-- Given records --

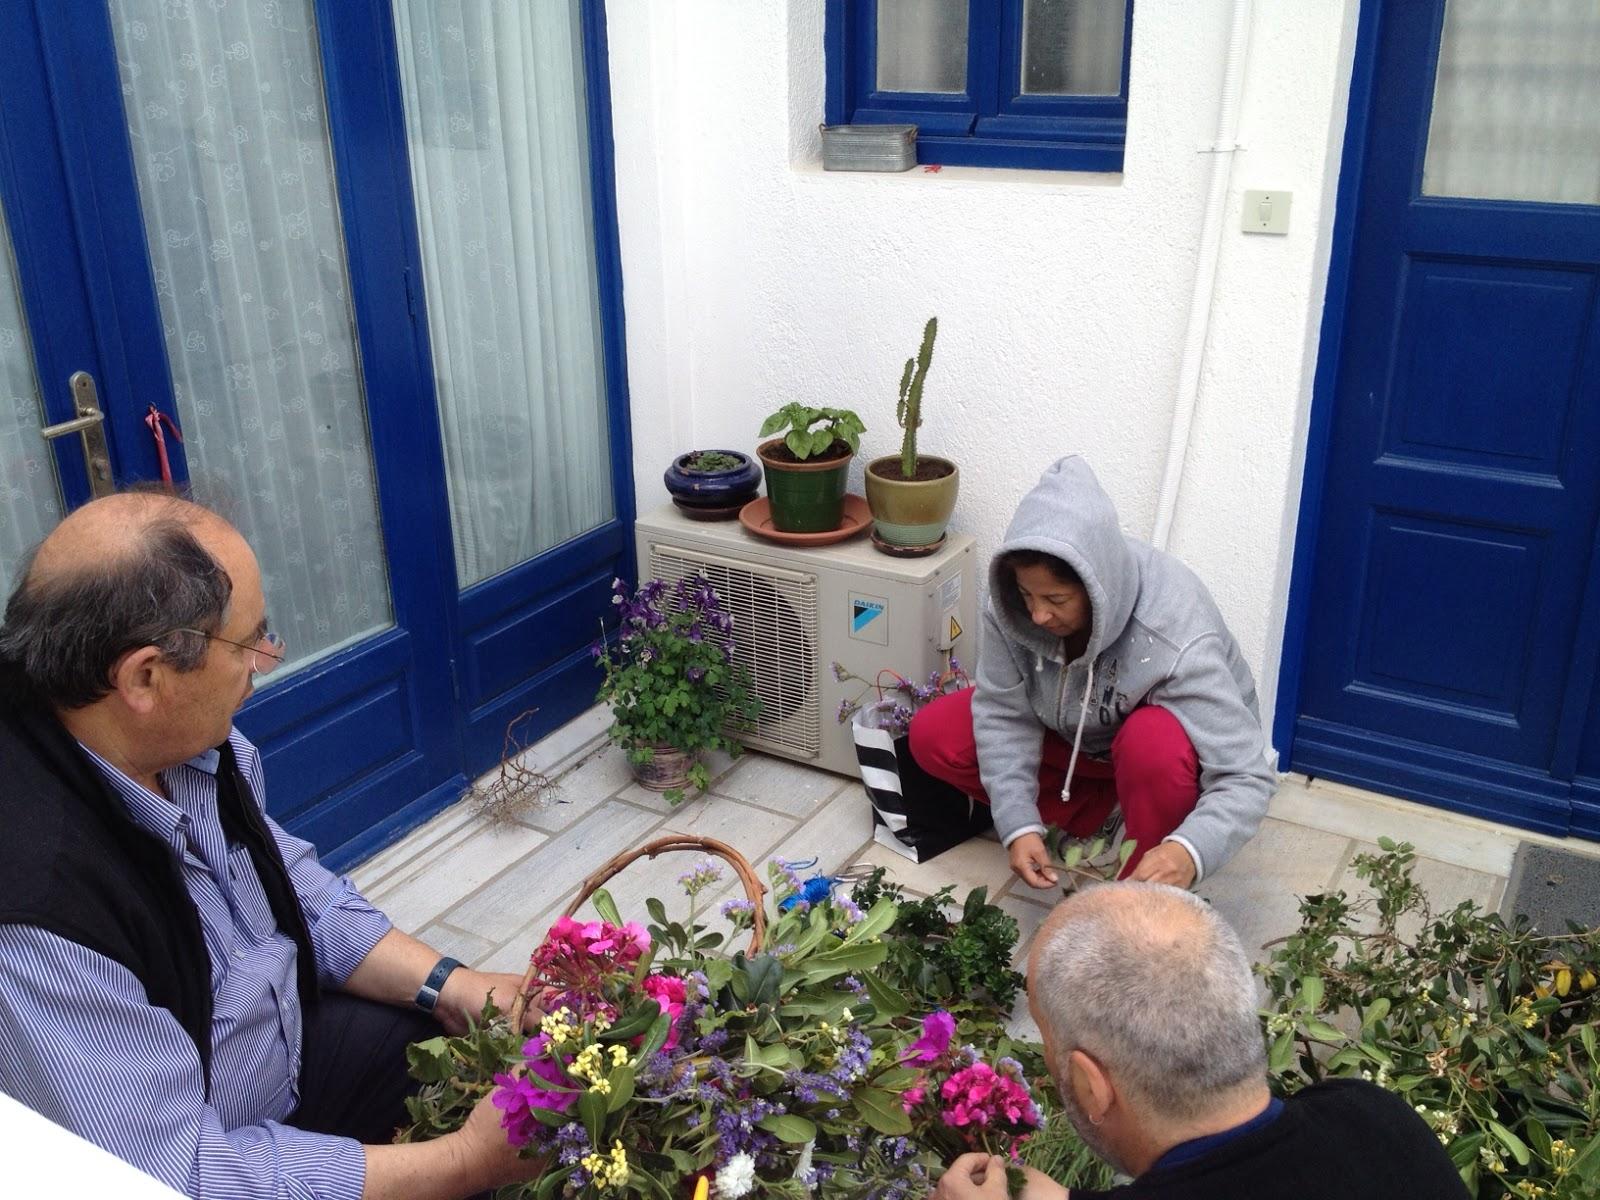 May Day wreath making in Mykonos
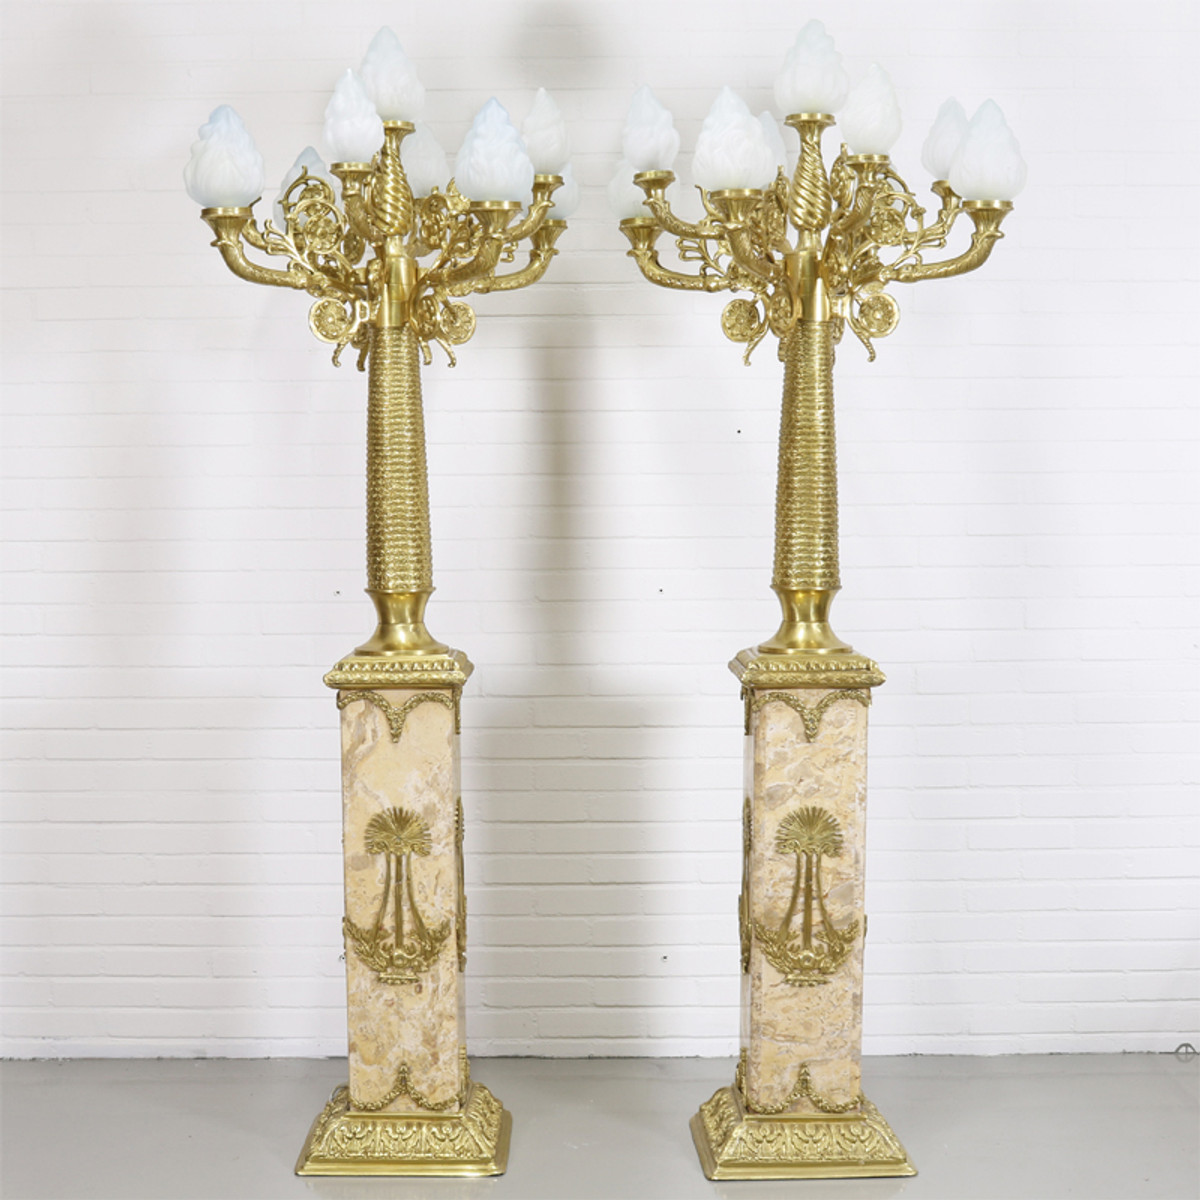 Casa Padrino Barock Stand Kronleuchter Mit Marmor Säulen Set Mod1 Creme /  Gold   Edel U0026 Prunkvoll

==

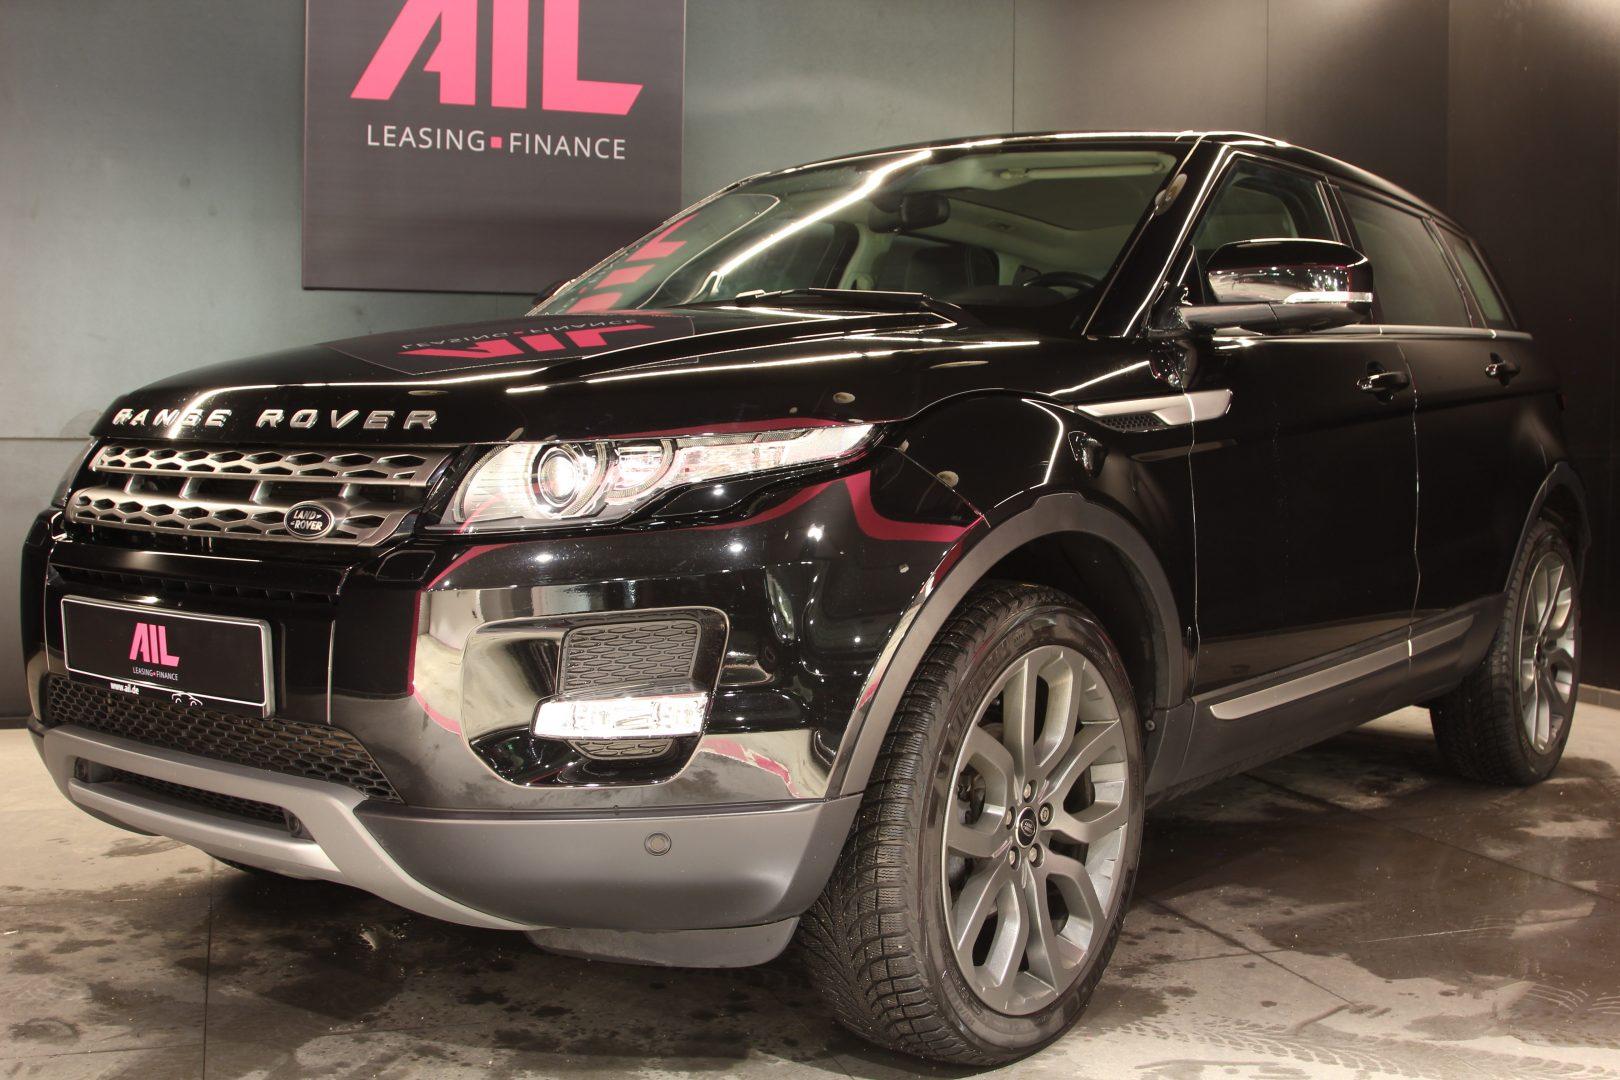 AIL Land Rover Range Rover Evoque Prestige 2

--

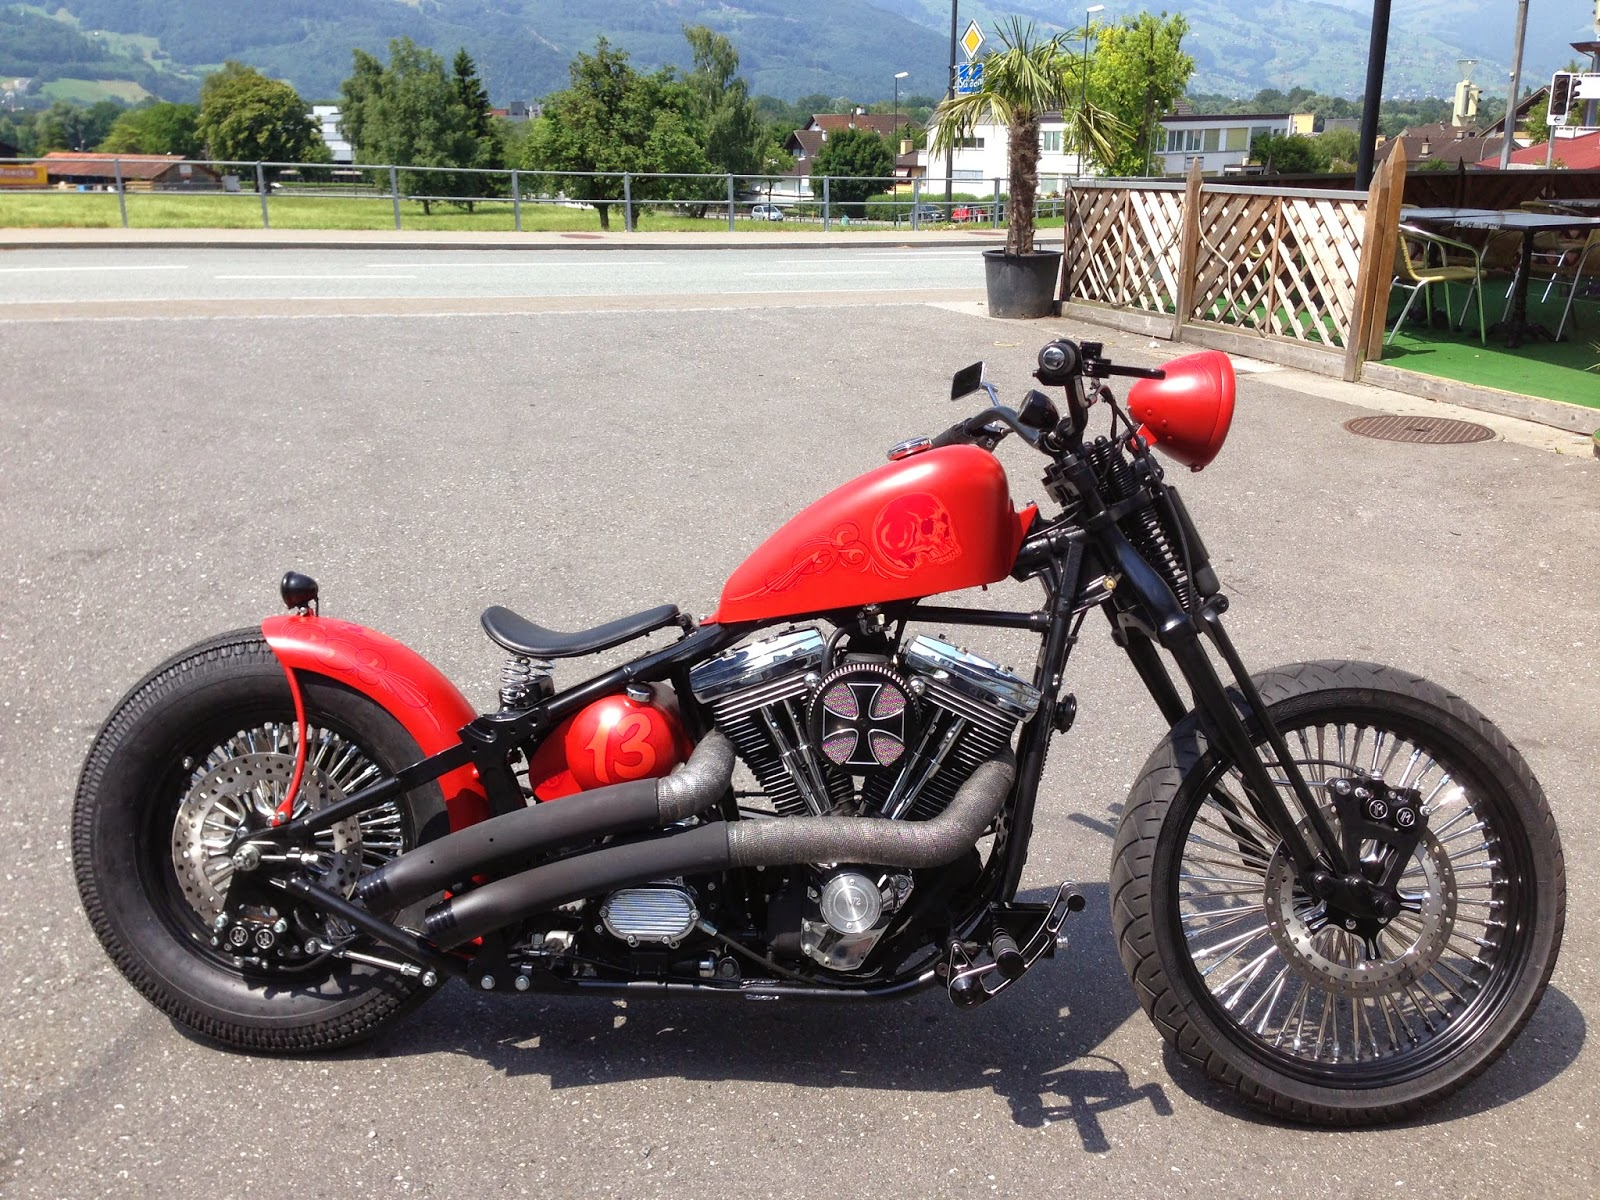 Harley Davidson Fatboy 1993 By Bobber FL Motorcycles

-- Task prompt --
Within the listing above, extract exactly the lines that run from the one containing "May Day wreath making in Mykonos" through the one containing "Casa Padrino Barock", excluding any pictures.

-- Solution --
 May Day wreath making in Mykonos
 Casa Padrino Barock Stand Kronleuchter Mit Marmor Säulen Set Mod1 Creme /  Gold   Edel U0026 Prunkvoll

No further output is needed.